Information supplied below:
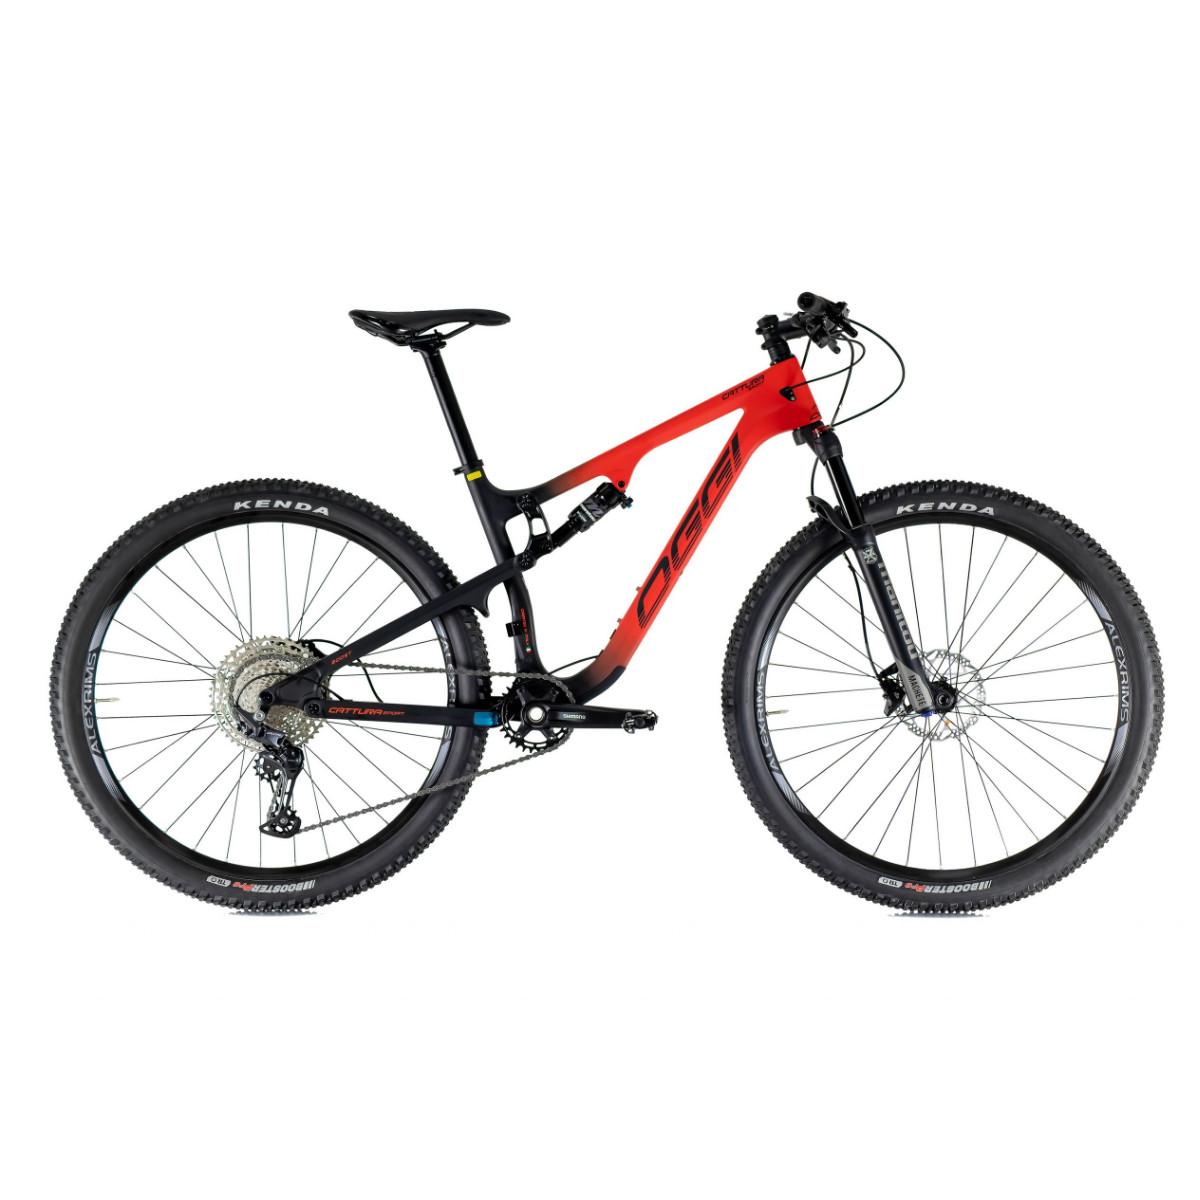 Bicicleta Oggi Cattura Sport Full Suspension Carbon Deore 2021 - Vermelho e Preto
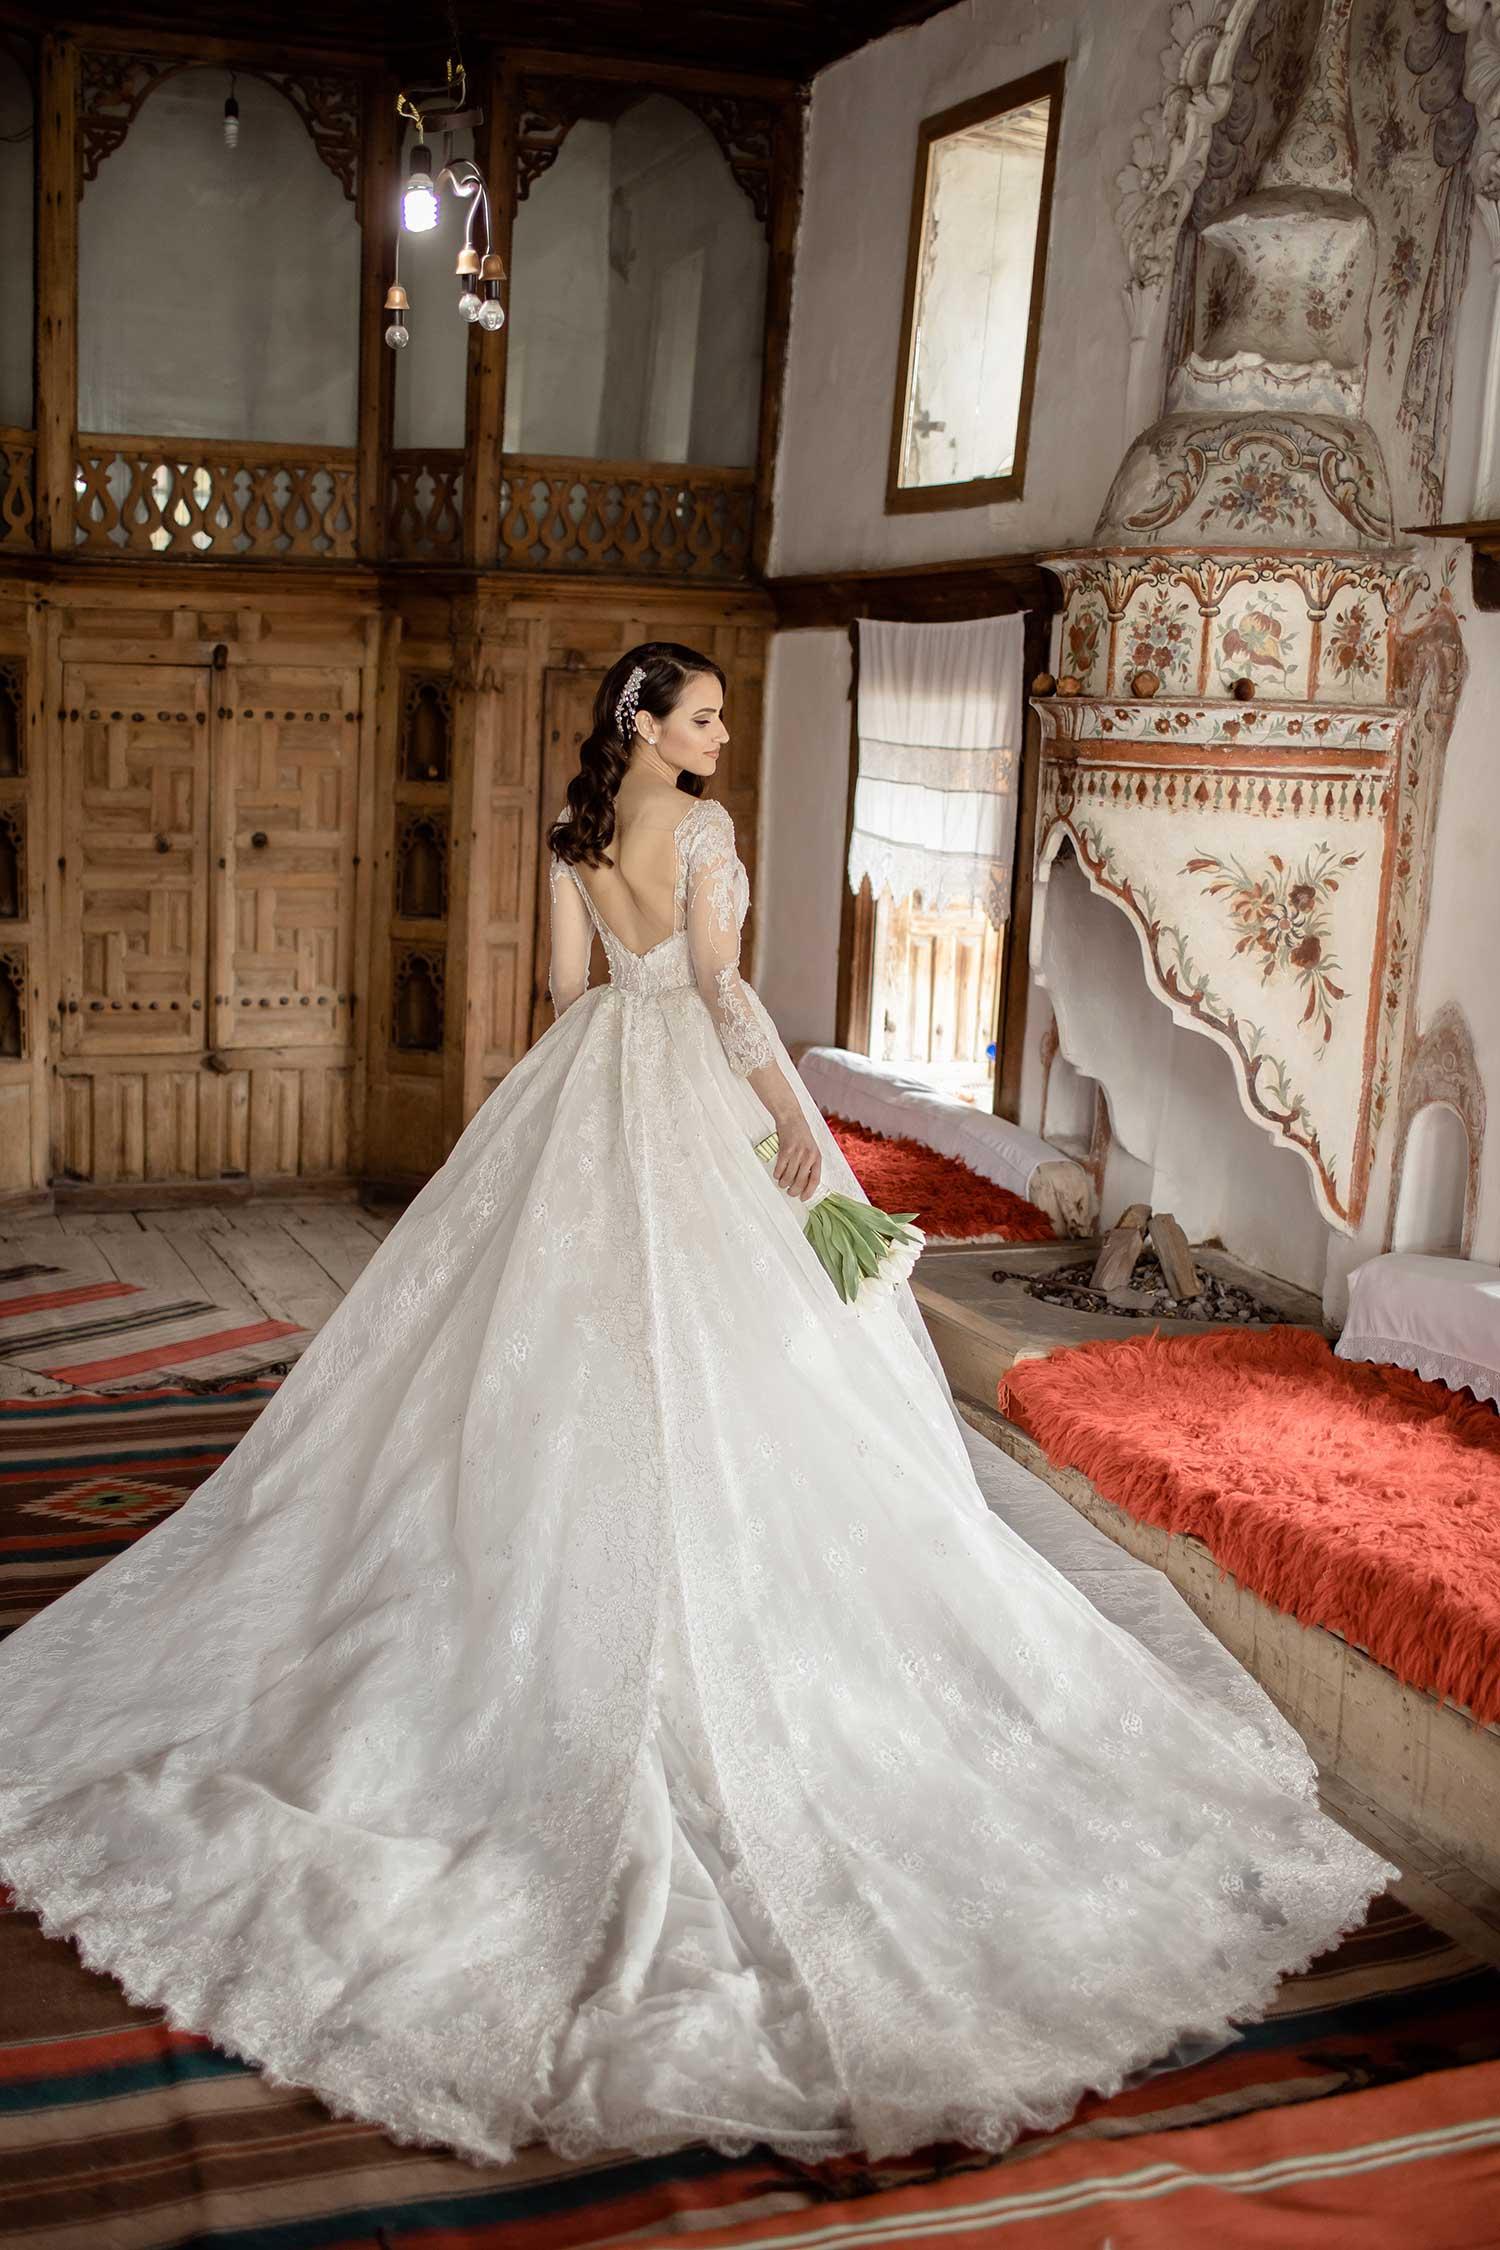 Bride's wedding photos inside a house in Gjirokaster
End of Information supplied.
Information supplied below:
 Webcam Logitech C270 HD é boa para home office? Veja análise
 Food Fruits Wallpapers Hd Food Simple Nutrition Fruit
End of Information supplied.
Work instruction ▸
Would you please repeat only the lines above, beginning at the one that has "Bicicleta Oggi Cattura" and stopping after the one that has "Bride's wedding photos", exactly and with no pictures?

Answer to the problem ▸
 Bicicleta Oggi Cattura Sport Full Suspension Carbon Deore 2021 - Vermelho e Preto
 Bride's wedding photos inside a house in Gjirokaster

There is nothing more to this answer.